Interview: Sheikh Mohammed bin Khalifa bin Ahmed Al Khalifa
What are the major projects going forward this year, and how is Bahrain set apart from others in the region making similar investments?
SHEIKH MOHAMMED BIN KHALIFA BIN AHMED AL KHALIFA: Bahrain is continuing to play an important energy role in the region. The Bapco Modernisation Programme (BMP) is one example, designed to optimise the refinery’s configuration in order to keep it competitive beyond 2020. The BMP will integrate several new units into the plant’s existing operations, which will increase the refinery’s total crude processing capacity to 360,000 barrels per day. The Bahrain Liquefied Natural Gas (LNG) Import Terminal will enable the country to import LNG to augment gas production to the Bahrain Field, helping to provide reliability by managing seasonal swings in gas demand and lengthening the lifespan of gas reserves.
The LNG Import Terminal positions Bahrain as a key player in the region, opening the door to future collaboration with our GCC neighbours. Like other Gulf states, Bahrain has also set up downstream industries such as petrochemicals and plastics.
I would not define the government’s investment strategy as counter-cyclical, as it is a planned strategy set up as a part of the Bahrain Economic Vision 2030. In this instance, the biggest potential risk is also the most enticing attribute, in that we are investing at a time when project costs are dropping due to softness in the oil and gas sector. Bahrain’s good connectivity in the region and business-friendly incentives, allowing for 100% ownership of projects across the country, give it a competitive advantage.
What aims and visions have been outlined to achieve success in Bahrain’s energy sector?
SHEIKH MOHAMMED: The National Oil and Gas Authority (NOGA) has set a clear vision for the sector in the kingdom. The main attributes of this vision are to maintain an active exploration programme to increase Bahrain’s oil and gas reserves, to develop already discovered assets in the best possible way to maximise the recovery from producing reservoirs, and to maintain optimum oil and gas production levels.

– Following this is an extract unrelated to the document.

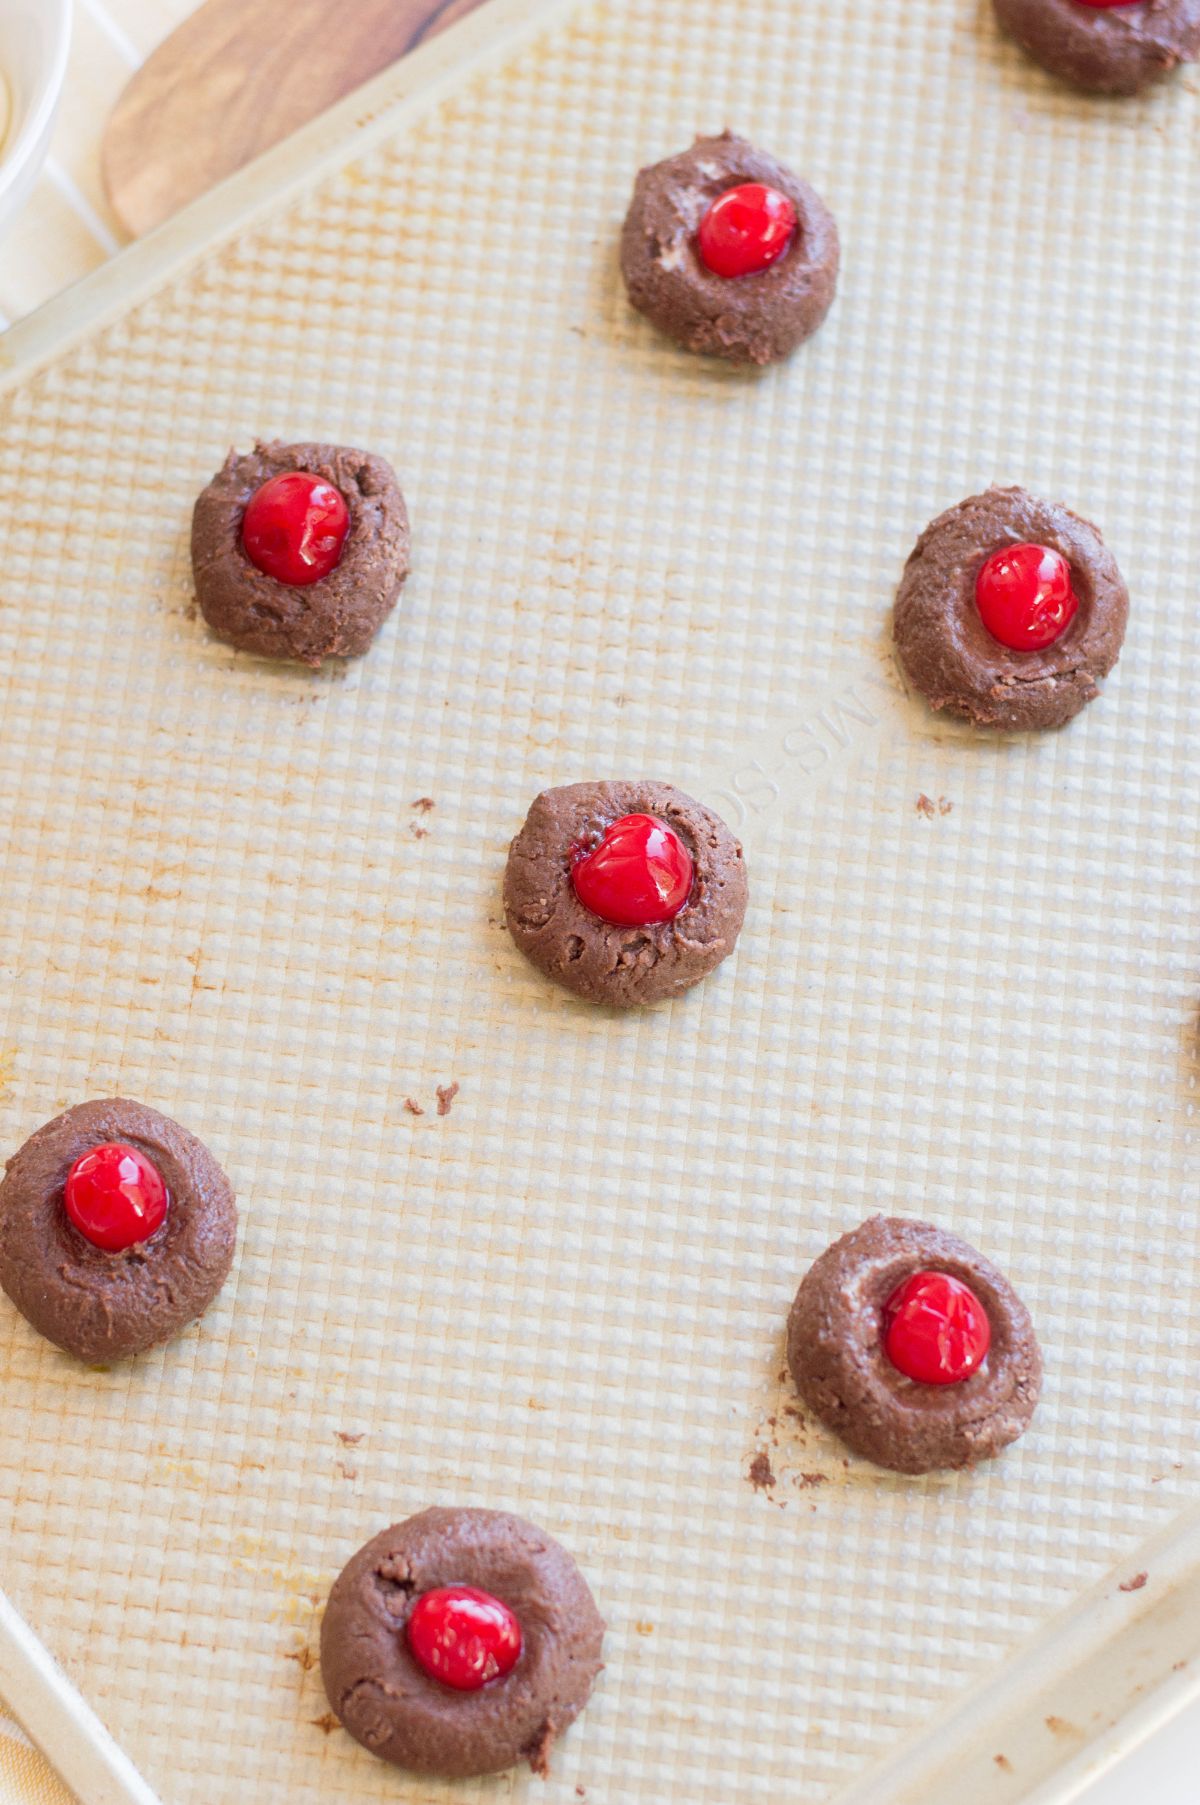 Shaped doung into 1-inch balls with cherry on top of each of them, placed on a baking sheet.

Furthermore, upgrading and expanding the refining business to develop downstream industries will maximise value addition. In all areas we aim to maintain environmental, health and safety excellence, to optimise costs in order to increase profit margins and, last but not least, a key aspect in all of our initiatives is development of our human resource capacity.
To what extent has progress been made in increasing production levels through enhanced oil recovery (EOR) techniques?
SHEIKH MOHAMMED: Tatweer was originally founded to explore the application of EOR techniques in Bahrain. The Bahrain Field consists of more than 11 developed reservoirs with over 9bn barrels, of which only 12% have been recovered, leaving significant volume to be extracted by EOR processes. After screening many techniques, three were shortlisted: waterflooding, gas injection and steam injection, with the potential to unlock more than 350m barrels.
Tatweer has initiated more than 20 EOR projects in seven reservoirs to test commercial viability, the two main pilot projects being the Mauddud Light Oil Steam Flood project and the Rubble Heavy Thermal project. The Mauddud project targets more than 400m barrels of oil, of which more than 25% may be recovered by steam injection. The Rubble Heavy Thermal project targets more than 100m barrels of oil in a low-permeability, shallow carbonate reservoir by using high-pressure steam injected for low-pressure production in vertical wells, in addition to a forced imbibition pilot within horizontal wells. The ministry’s strategy is to maintain an active exploration programme at all times, as new exploration programmes normally take more than three years to complete. Any large-scale production would occur after close analysis of commercial viability.